The last one is the most interesting to me. Division is defined (in rigorous mathematics, anyway) as no more than the inverse of multiplication). I think I’m happy that that is deep in the number sense of a number of my students. That said, division has got to be one of the basic procedures students do day in and day out that has the most possible representations and interpretations.  Need to find some more number talks to get at that ambiguity. Makes me think of this number talk, from Fawn, and how it could be adapted for a visualization of division.

Axes
This question was the focus of class today

These 8th graders are having a really tough time with linear equations on axes with a scale other than 1 to 1. They love counting boxes to find slope, and get confused when that doesn’t work. And this is our fault — spending too much time on that procedure, and too many questions out of context (like the one above!) And it’s great that they can reliably find slope on a conventional coordinate plane, but when we think about concepts that students will apply in the real world, finding the slope on an Algebra textbook-style coordinate plane will probably never happen. The application of the principle of rate of change absolutely will. Which one are we preparing kids for? And what does preparing kids for the second one look like? That’s my tough question of the day. It’s a critical form of number sense, and I’m worried my students don’t have it and I don’t know how to teach it beyond saying here, think about this.

Nerd Search
Wrapped up class today by sharing Bill Amend’s Nerd Search from his Foxtrot comic.
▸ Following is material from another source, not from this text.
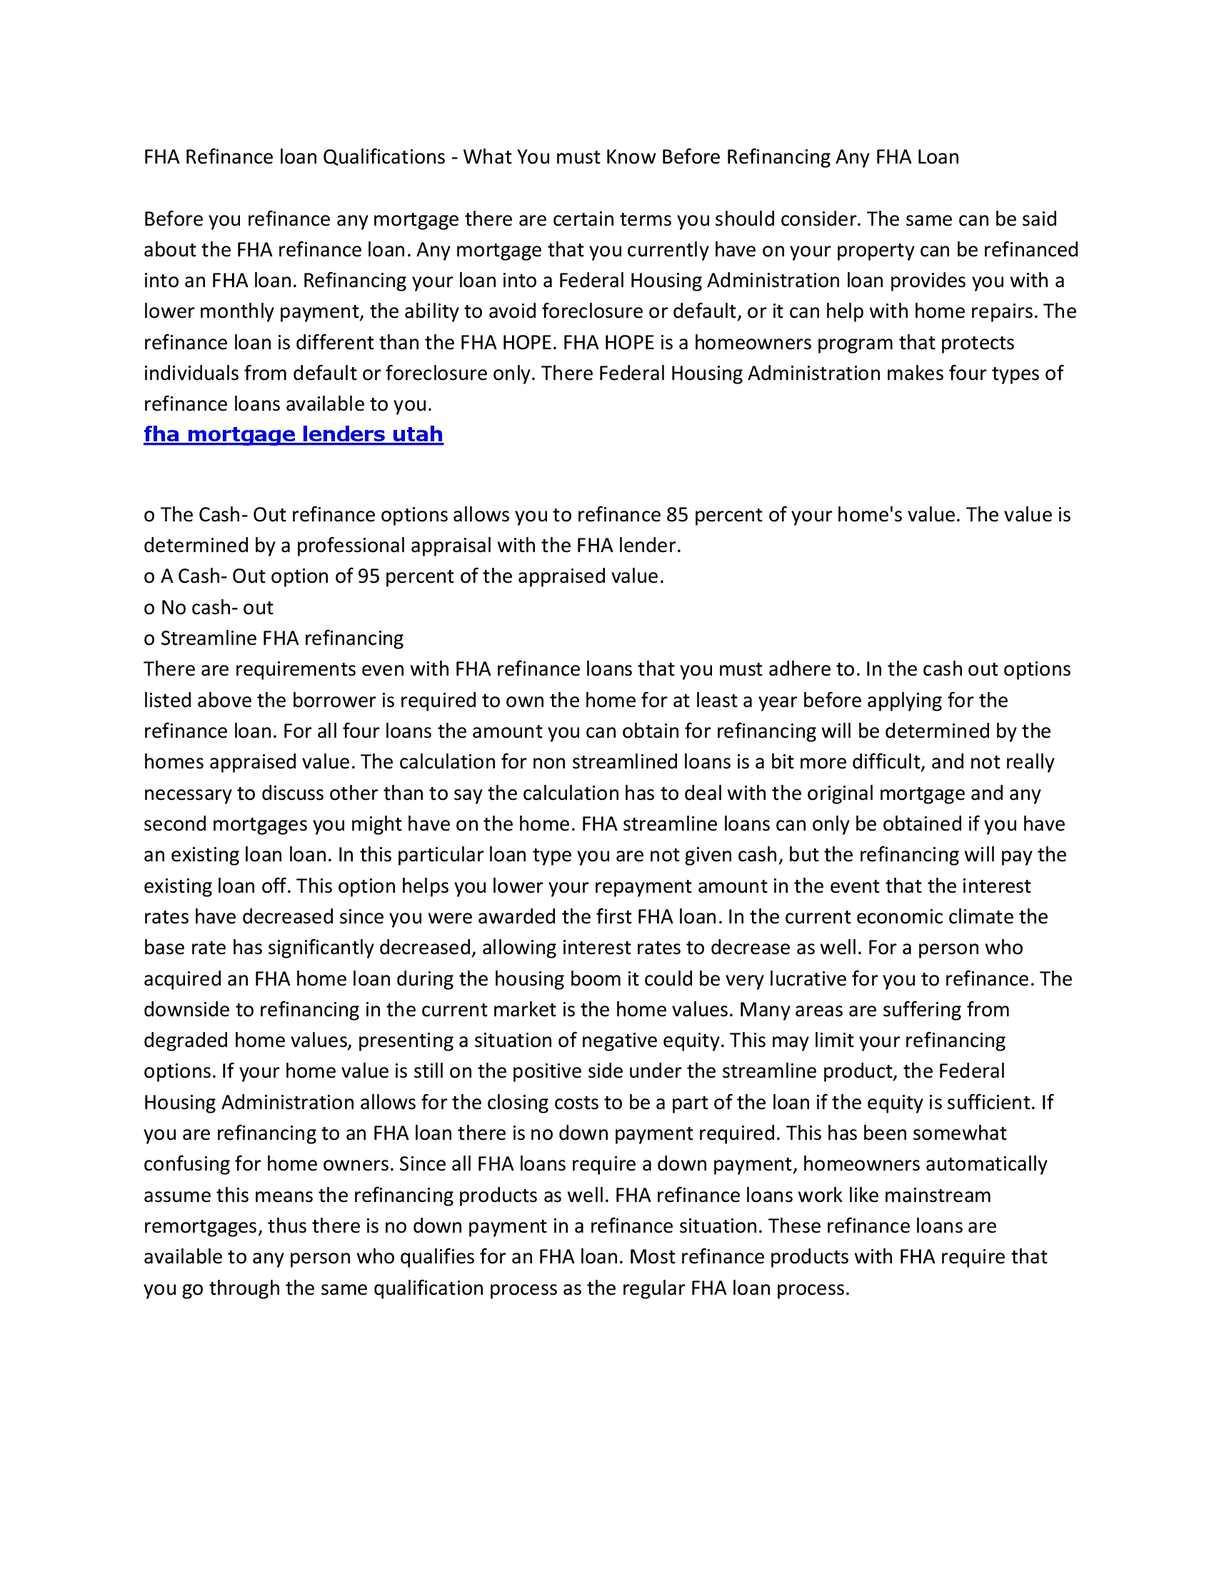 Advance payday loans nashville tn image 6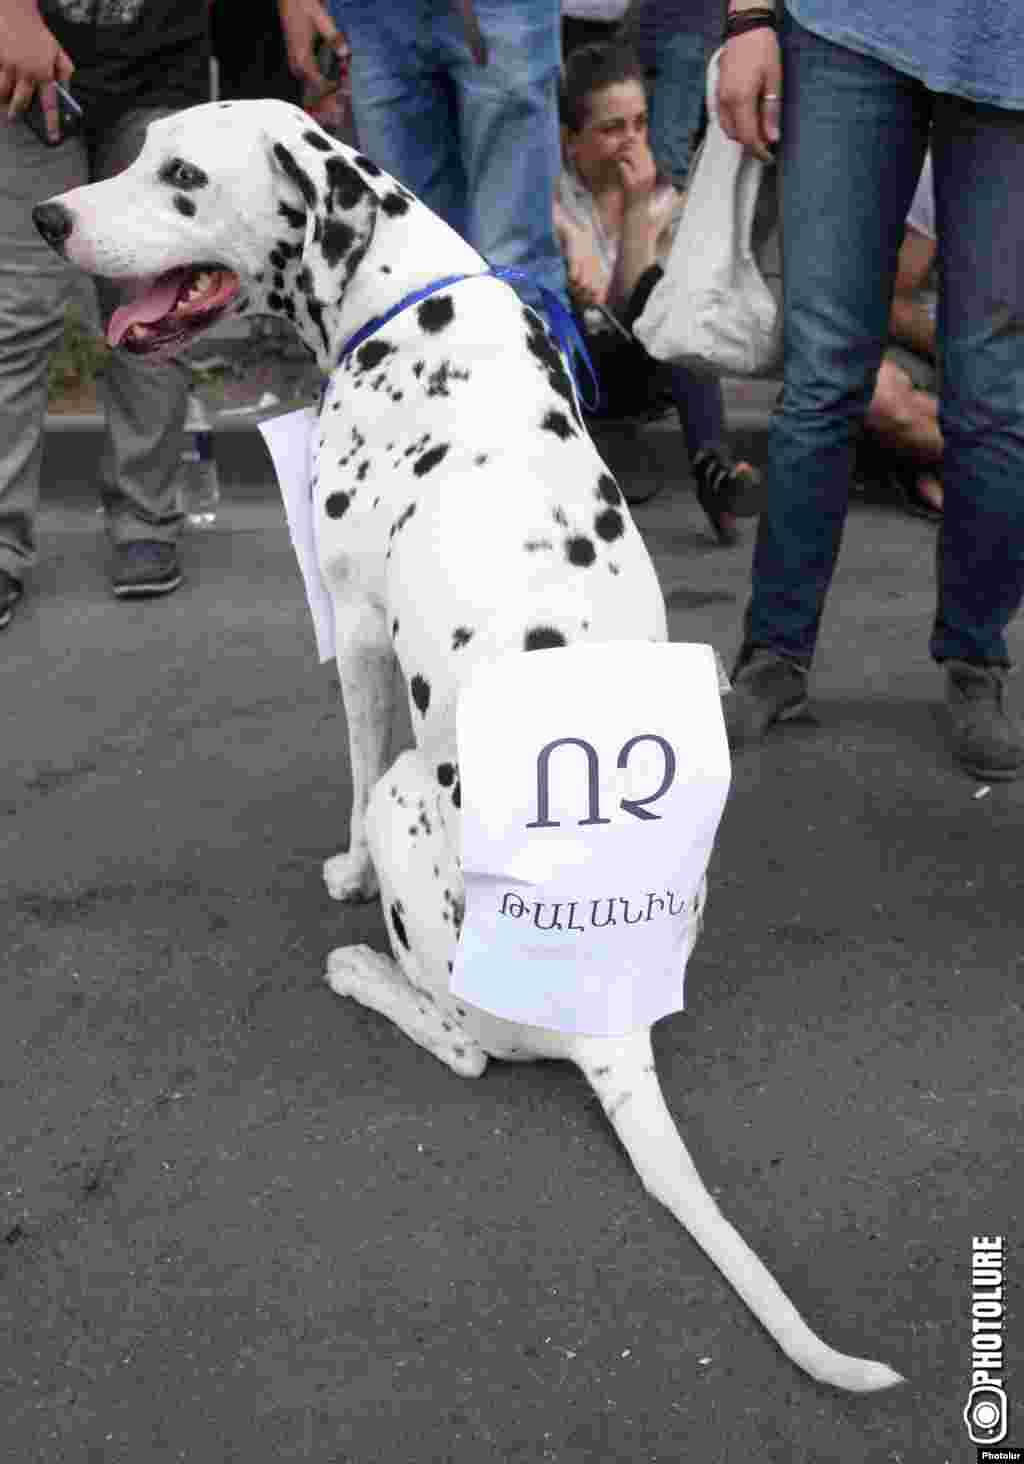 Надпись на спине у собаки гласит: «НЕТ грабежу!»

Inspired by his talk at NCTM, I’ve been showing some of his nerdier comics to my students. I planned a bit of a shorter lesson today, and just planned to give the nerd search to a few students when they finished their problem set, but it ended up engaging a ton of students and inspiring a spirited discussion to end class. One student came up to me after class and asked how many she had to do (she’s a very conscientious student, but not usually especially motivated to work when she doesn’t need to). I told her it wasn’t homework, but she should try as many as she could if it made her happy. She said she wanted to get all of them, and made me explain the integral and sum. Then, feeling outworked by my students, I spent 20 minutes finding the square root of 375,559,383,241 by guess and check. I was successful! And grateful for the invention of calculators.

# Number Sense – Number Talks 5/6

My best number talk today yet. Question here:

My current practice is to give students time to silently and mentally find an answer (in this case about 45 seconds), then we share out every answer before sharing strategies. In each class I got 6-10 different answers, and at least half of the hands shot up to share a strategy (I don’t know about your class, but that was pretty good for me).

A few of the strategies below for your enjoyment (I’m only including the correct ones, although the wrong ones were interesting as well, especially the fact that 10×10 – 7×7 came up several times).
4×10 + 5×5+ 10 + 5
4×10 + 10 + 6×4 + 11
5×10 + 5×4+ 5
10×10- 5×5
10×10- (1/4)*10×10
4×16 + 11
And plenty more, including one student who told me she counted every dot.

I was pleasantly surprised with the engagement in asking 8th graders to count dots on a page. Finding multiplicative structure in patterns of dots reflects the habits of mind students need to find structure in any mathematics — and to believe in their ability to find that structure.

Number talks using dots will come back, but one I’m not sure about is this, stolen from by Michael Pershan’s posts on exponents

I like it a lot, and I’m sure I’ll use it at some point. However, I value number talks because they promote flexible thinking with basic skills. I’m not sure how many different ways this can be interpreted — or, building off of that, another exponential pattern like this one (how many black triangles are there)

I’m curious what kids can do with these. Will post back when that happens.